Livescore Sunday, May 19

As the first criminal trial of a former U.S. president kicks off this week in Manhattan, more Americans than ever before (57%) say the underlying crimes that defendant Donald Trump has been charged with — “falsifying business records to conceal hush money payments to a porn star” — are “serious,” according to a new Yahoo News/YouGov poll.

That number is up six percentage points from the last time Yahoo News and YouGov asked about the hush money case, in December 2023. The previous high was 54% in September 2023.

The survey of 1,746 U.S. adults, which was conducted from April 11 to 15, found similar increases in the perceived seriousness of Trump’s other alleged felonies as well:

  • Nearly three-quarters of Americans (73%, a new high) now say that “conspiring to overturn the results of a presidential election” is a serious crime, up from 66% in December.

  • A full 69% (another new high) now say “taking highly classified documents from the White House and obstructing efforts to retrieve them” is a serious crime, up from 63% in December.

  • And the same share (69%) now say that “attempting to obstruct the certification of a presidential election” is a serious crime, up from 64% in December.

As before, Americans continue to see the hush money charges as less serious than the other offenses for which Trump has been indicted, likely reflecting the gravity of those other allegations, the salacious details of the Manhattan trial and the ongoing legal debate over the strength of District Attorney Alvin Bragg’s case.

Yet the fact that a clear and growing majority of Americans think the hush money charges are serious — nearly twice the number who say the charges are “not serious” (30%) — suggests that Trump’s legal jeopardy may be starting to seem more “real” now that his first trial is finally underway.

Most Americans not yet convinced Trump should be convicted

At this point, there’s still a big gap between the rising number of Americans who consider the crimes themselves to be serious in nature — when described in general, with no mention of Trump — and the relatively stable number who think the former president should actually be convicted in court.
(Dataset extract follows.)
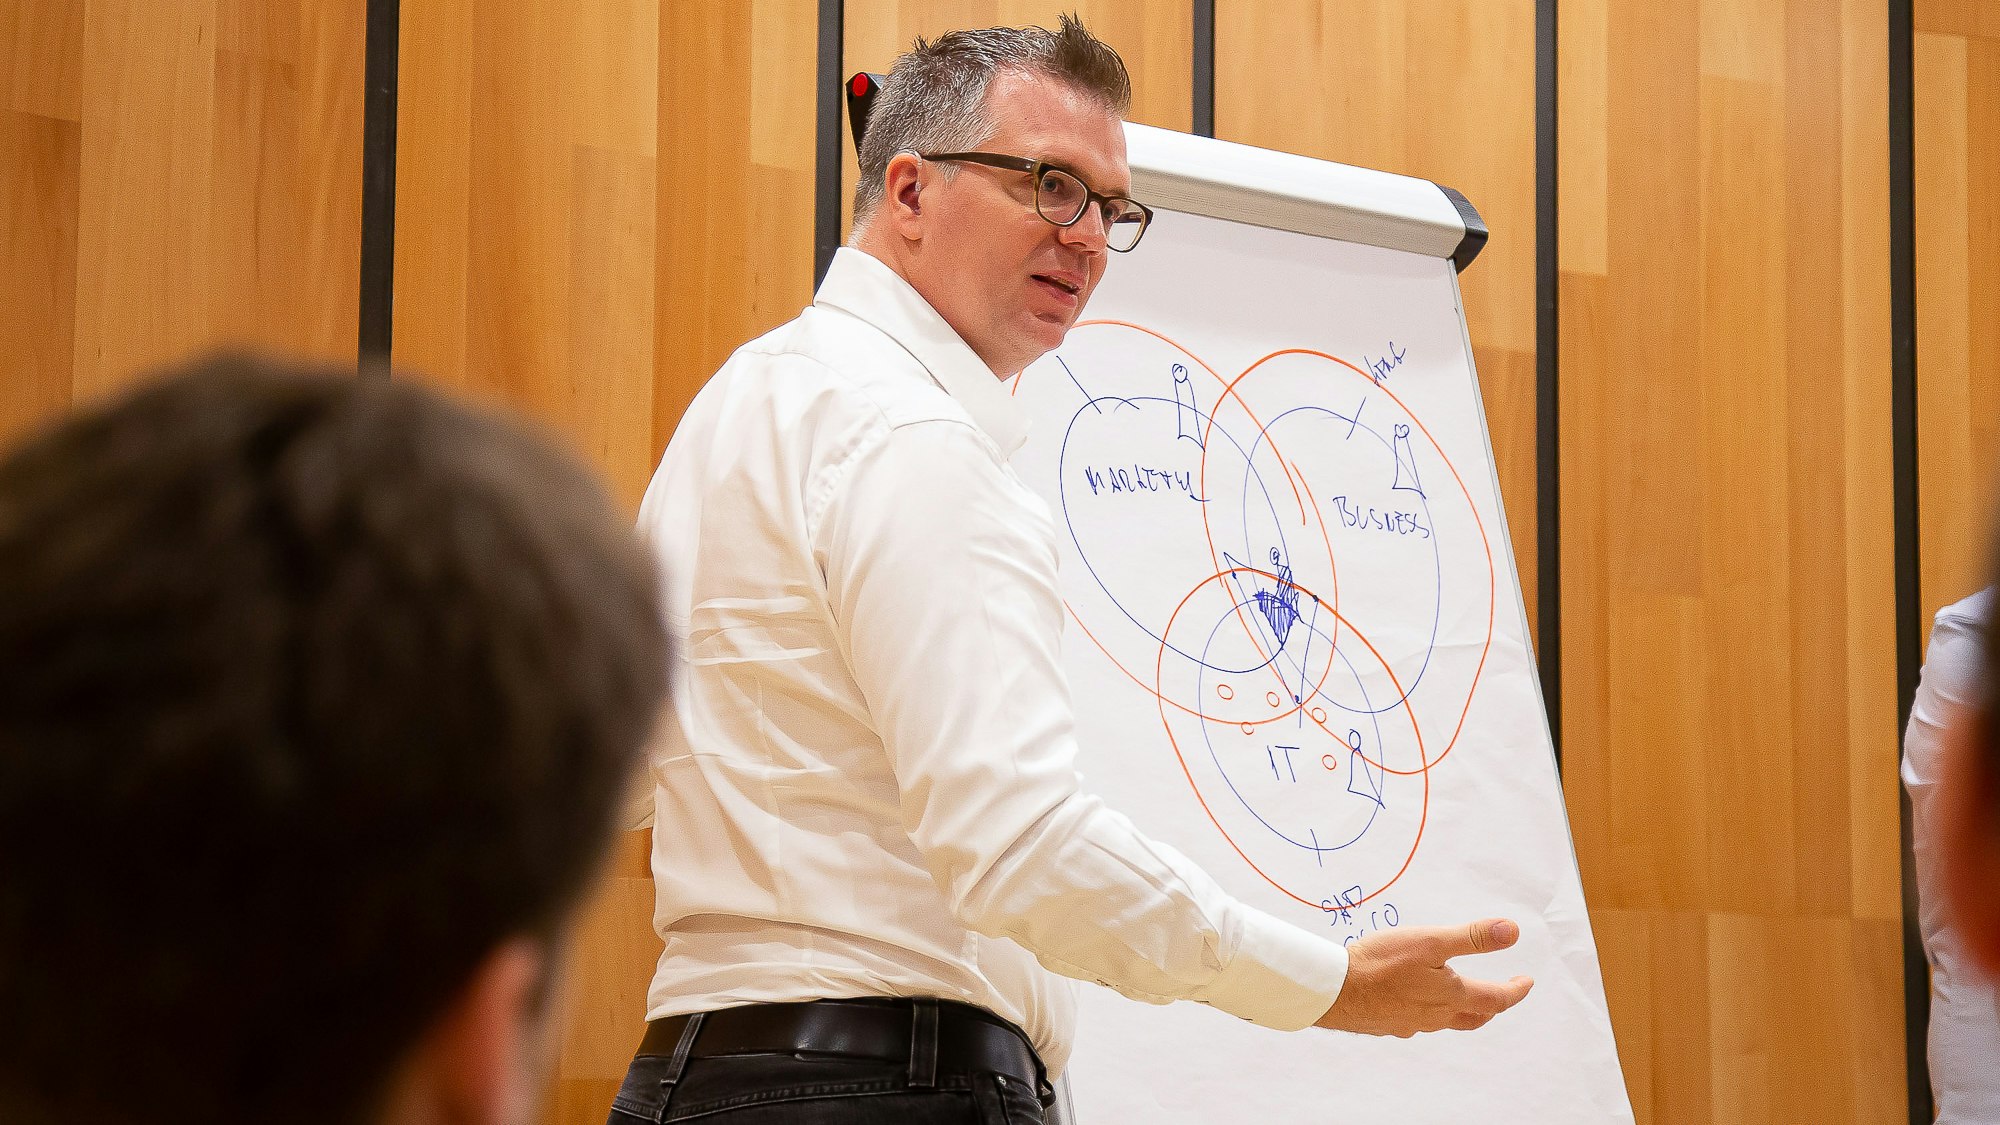 Jonathan Möller presenting to a group of people from a flipchart

For example:

  • 48% of Americans believe Trump did, in fact, falsify business records to conceal a hush money payment to a porn star, the same as in April 2023.

  • 42% think Trump broke the law by falsifying those business records, up slightly from 41% a year ago.

  • And 37% now think Trump falsified records, believe his actions amount to a crime and consider that crime “serious enough to warrant indictment and trial,” down slightly from 38% a year ago.

Bragg’s job in the coming weeks will be to convince a jury — and by extension, a larger share of the American public — that Trump’s actions warrant a conviction. Currently, more Americans say they’re not sure whether the former president falsified business records to conceal a hush money payment (29%) than say he did not do so (23%). Uncertainty is high.

In light of the tribalism and polarization afflicting U.S. politics, any kind of broad consensus is unlikely. A full 44% of Americans say the motivation behind Bragg’s indictment is “political bias against Trump,” while 41% say it is “a genuine desire to hold Trump accountable.”

Even more (51%) say they consider the Trump hush money indictment to be unfair given Bragg’s affiliation with the Democratic Party, with 23% saying it is unfair “but that’s how our system works” and 28% saying it is “unfair and should not be permitted.”

These numbers are essentially unchanged from a year ago.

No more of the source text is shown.